When you reach the line holding "Placa Mãe Gigabyte", please begin to restate the lines word for word and continue through the last one in the material, excluding pictures.

+++ Information shown

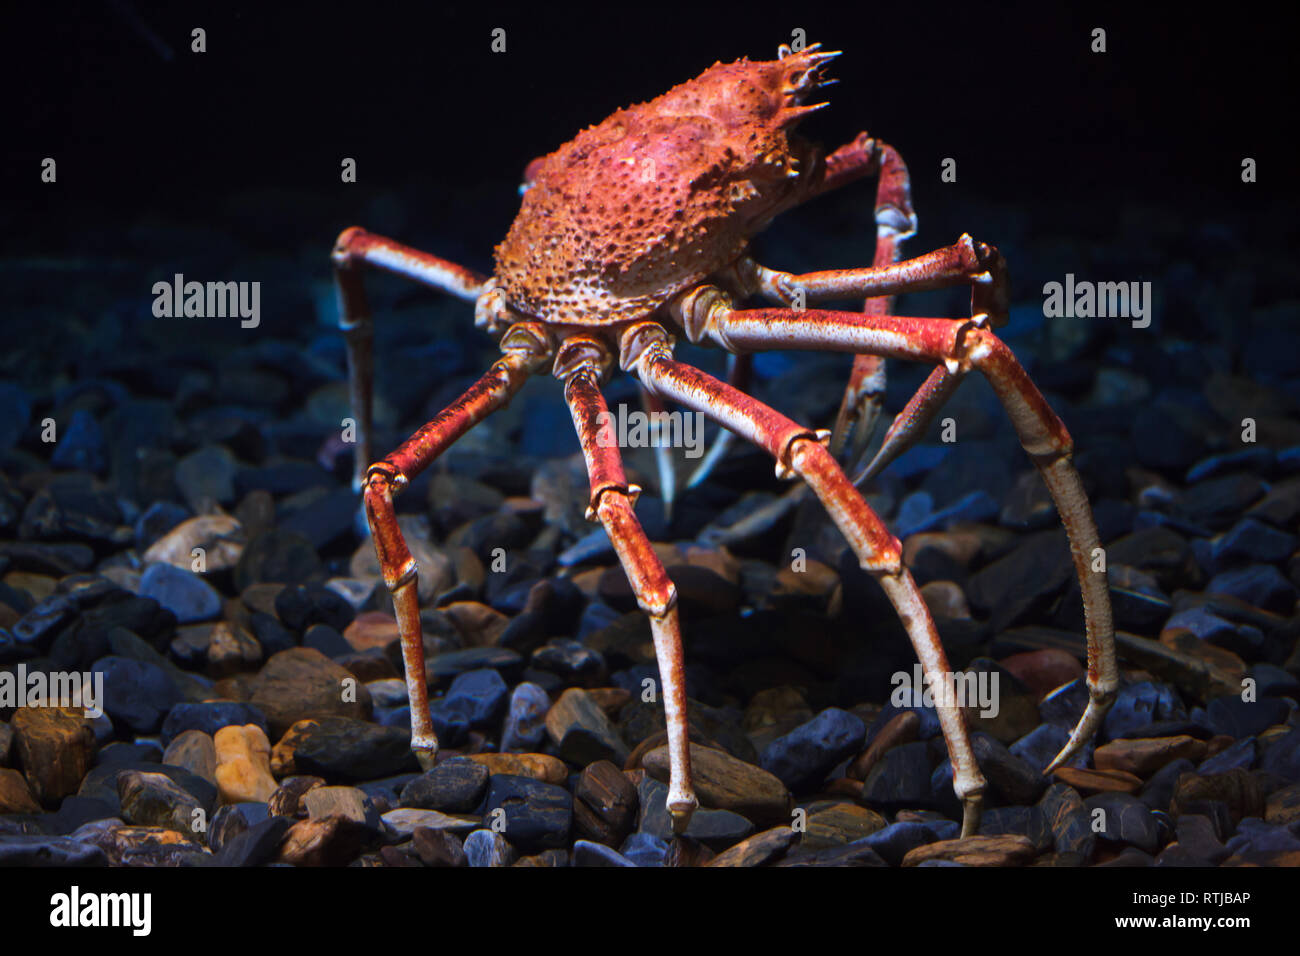 Japanese spider crab (Macrocheira kaempferi), also known as the giant spider crab. Stock Photo
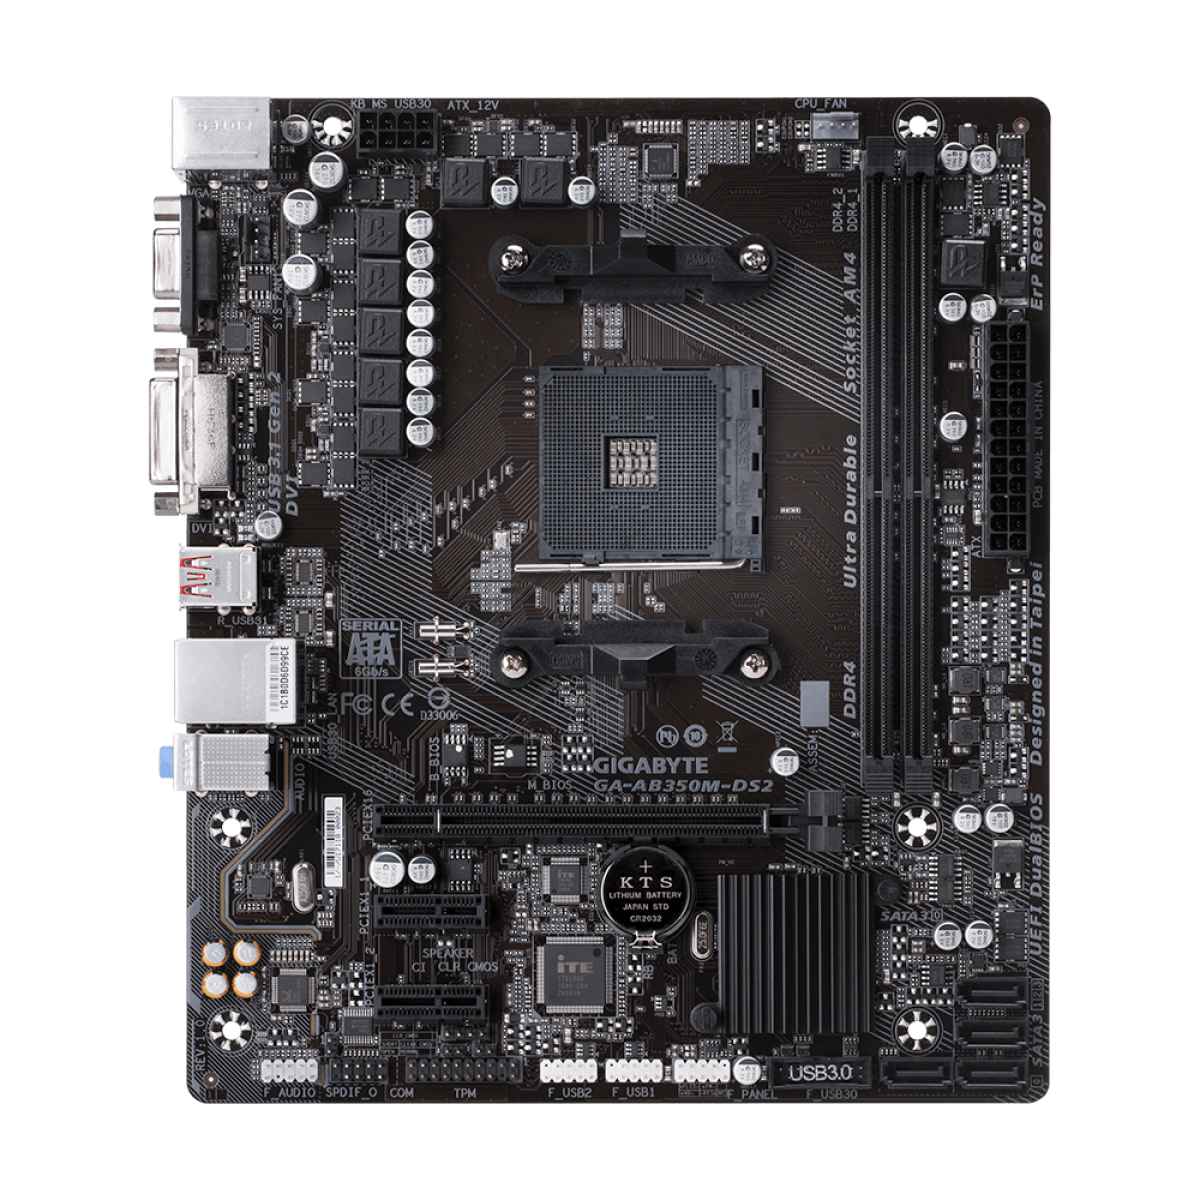 Placa Mãe Gigabyte GA-AB350M-DS2, Chipset B350, AMD AM4, mATX, DDR4
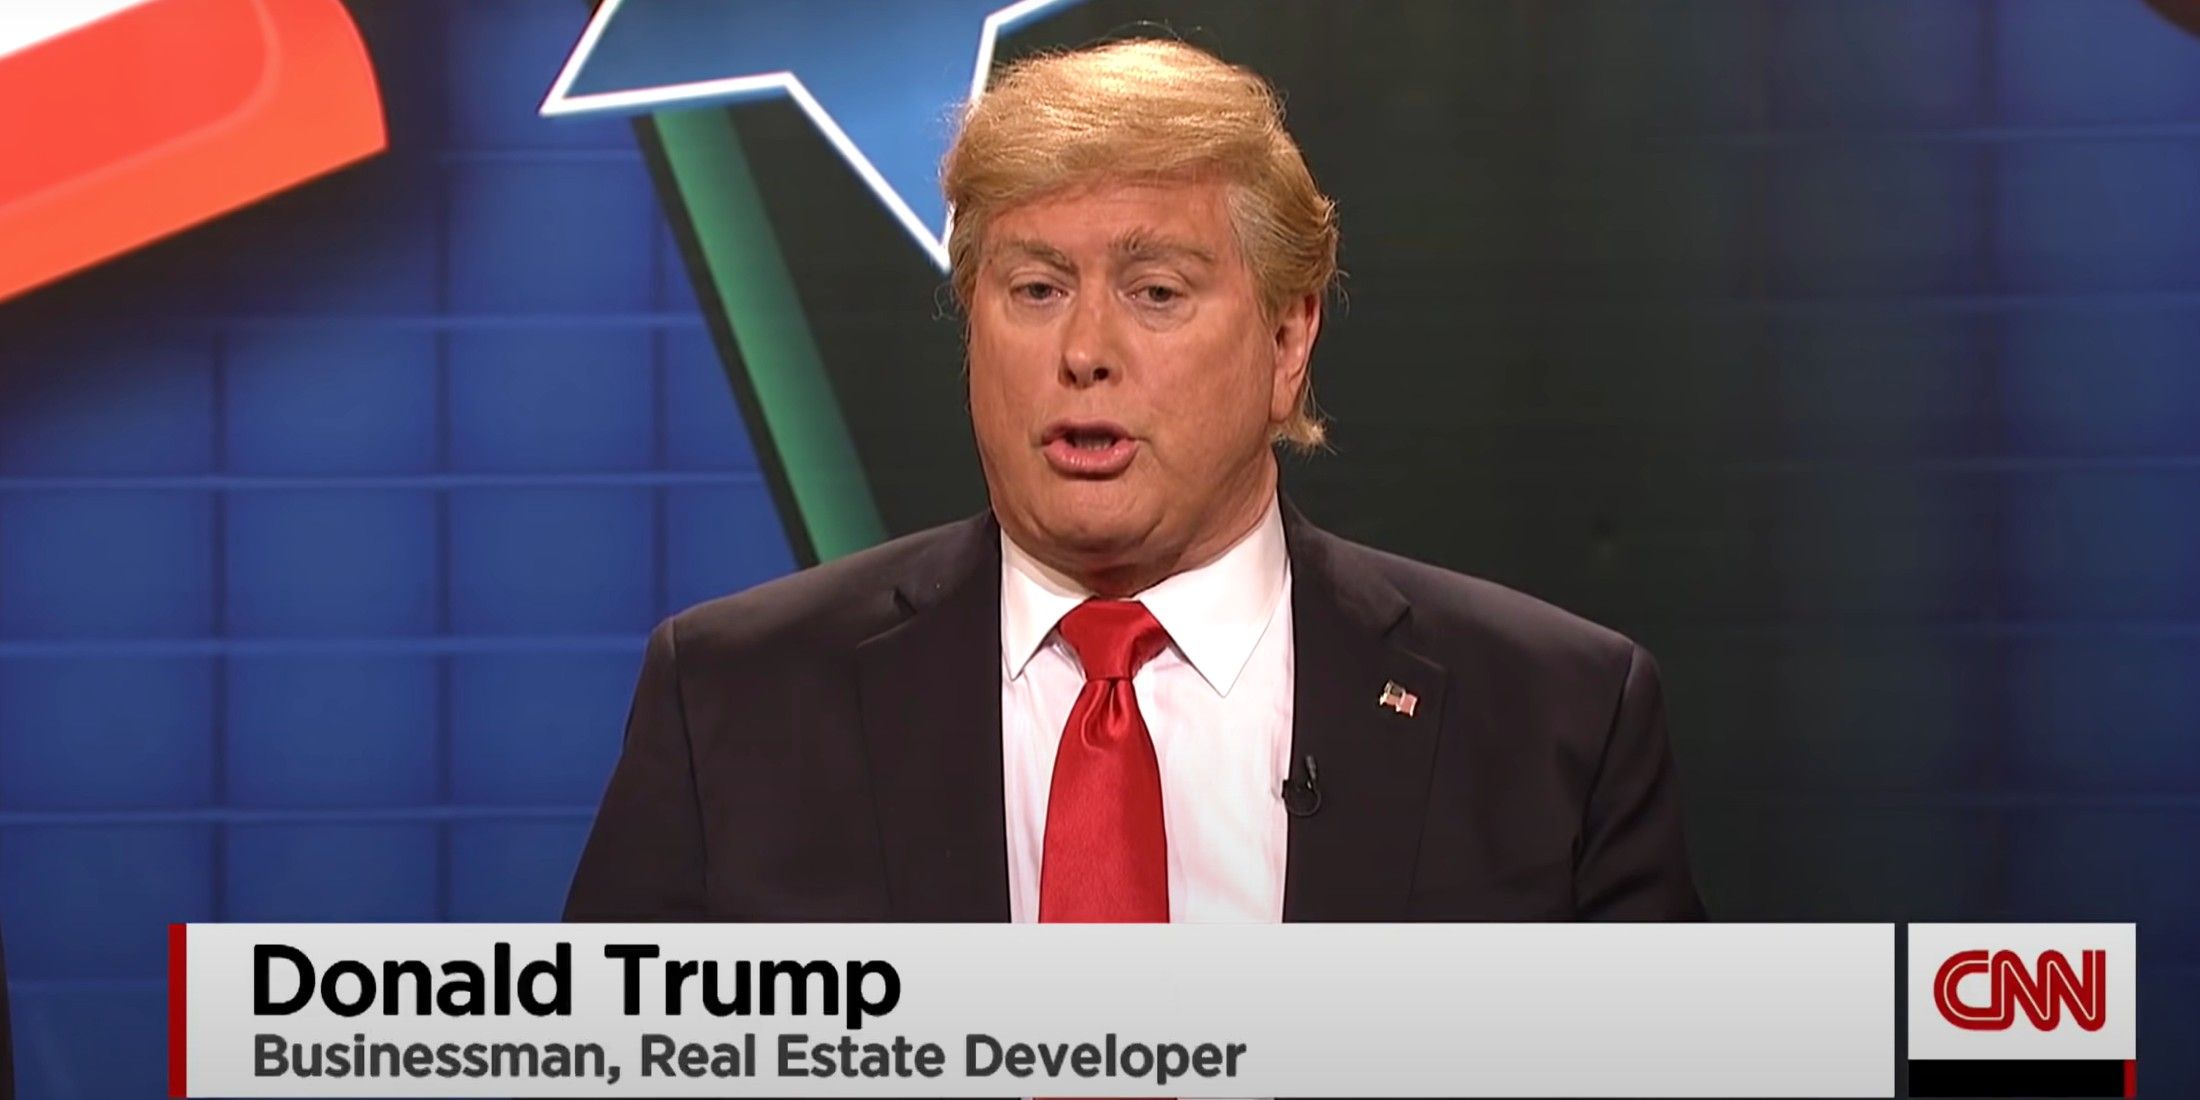 Darrell Hammond as Donald Trump on Saturday Night Live

++++++

◆ **Answer to this exercise**:
 Placa Mãe Gigabyte GA-AB350M-DS2, Chipset B350, AMD AM4, mATX, DDR4
 Darrell Hammond as Donald Trump on Saturday Night Live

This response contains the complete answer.